Die Stille ist noch kein Weg, der Weg ist ein Weg in der Stille. Also eine Praxis, ein meditativer Übungsweg in der Stille. Wobei das interessante ist, dass der Weg, wenn man ihn konsequent geht, einen praktisch über die Stille hinaus führt, man braucht diese Stille nicht mehr. Sie ist in Form von innerer Stille da. Und auch wenn es innerlich und äußerlich lärmend ist, weiß man, da gibt es diesen stillen Ort. Stille ist dann also kein Abstraktum mehr, das ist einfach ein Bewusstseinszustand, der kommt und geht.

Was versteht der Zen-Buddhist unter Stille-Sein?

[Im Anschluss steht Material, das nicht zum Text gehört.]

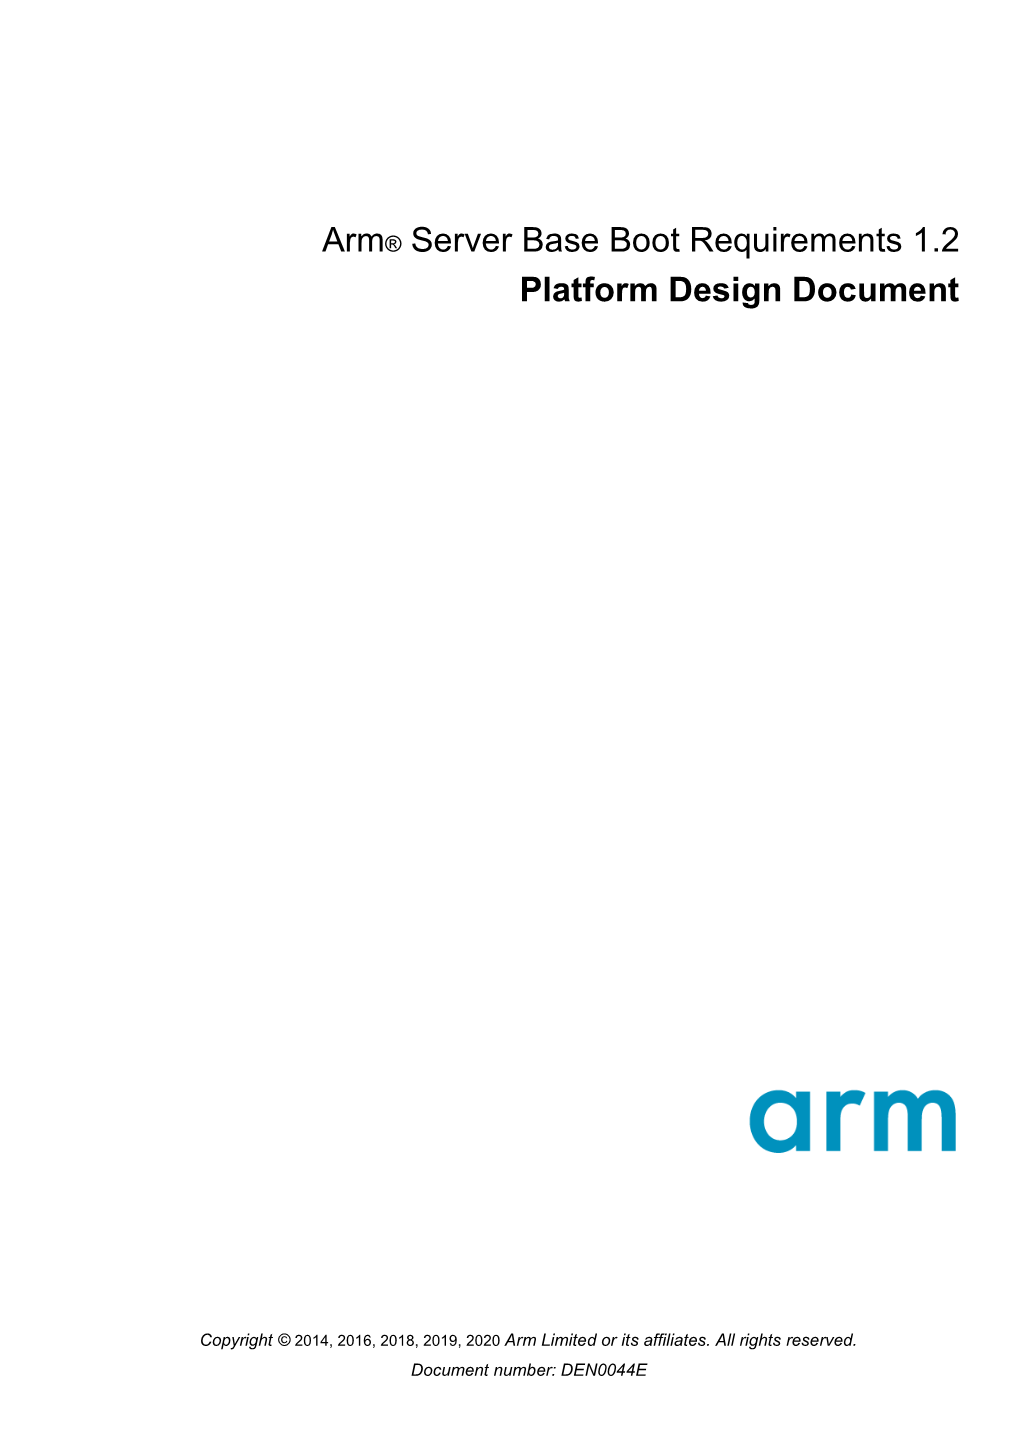 Server Base Boot Requirements 1.2 Platform Design Document

Darunter versteht er eine bestimmte Art von Erfahrung, die eintritt, auch wieder geht und wieder kommt und wieder geht, bis es nicht mehr bedeutungsvoll ist.

Im Zusammenhang mit Meditation und Erleuchtung wird häufig von einer „Leere“ und einer „Stille“ gesprochen die der Meditierende oder der Erleuchtete empfindet – was versteht man darunter?

Leere ist ein Begriff, mit dem man versucht, einen bestimmten Bewusstseinszustand zu beschreiben. Und dann spricht man von der „Leerheit“. Das ist aber ein Zustand, den man nicht in Worte fassen kann. Aber es ist genau der zentrale Zustand um den es bei dieser Übung geht. Der Beste Text dazu ist die Herz-Sutra aus der buddhistischen Tradition, wo es heißt: als der Buddha im Morgengrauen den Morgenstern erblickte, da geschah etwas mit ihm und er brachte es so zur Sprache, dass er sagte, er erkannte in dem Moment, dass alle Gegenstände leer sind. Darüber muss man aber noch einmal auf eine bestimmte Art und Weise nachdenken. Er hat eine Art von Leerheit erfahren, die ihn von allen Leiden befreite. Das ist die Grundtatsache. Ob man jetzt weiter geht und sagt, alle Dinge sind dem Wesen nach leer, ist dann schon wieder zu viel. Die Leerheit, die ist Tatsache. Aber natürlich sind die Dinge nicht leer. Das ist das Grunddilemma wenn man von diese Leerheit spricht. Deswegen heißt es in dieser Herz-Sutra: „Form ist Leere, Leere ist Form.“ Das heißt, wenn du aus dem Zustand herauskommst, begibst du dich wieder in die Welt der Formen. Aber du weißt, das ist nur ein Aspekt der Wirklichkeit. Es gibt auch noch einen anderen Aspekt und der heißt Leerheit


Peter Gottwald – Vita

Geboren 1935 in Shanghai, Umzug der Familie in den Westen 1936, Abitur 1956 in Remscheid, Studium der Medizin bis 1962 in Kiel und München, bis 1976 Mitarbeiter am Max Planck Institut für Psychologie, bis 2001 Professor für Psychologie an der Carl von Ossietzky-Universität Oldenburg. Verheiratet mit Karin Gottwald, lebt mit ihr in Oldenburg. Seit 1962 mit Vereinsyachten und eigenen Booten auf den Meeren unterwegs.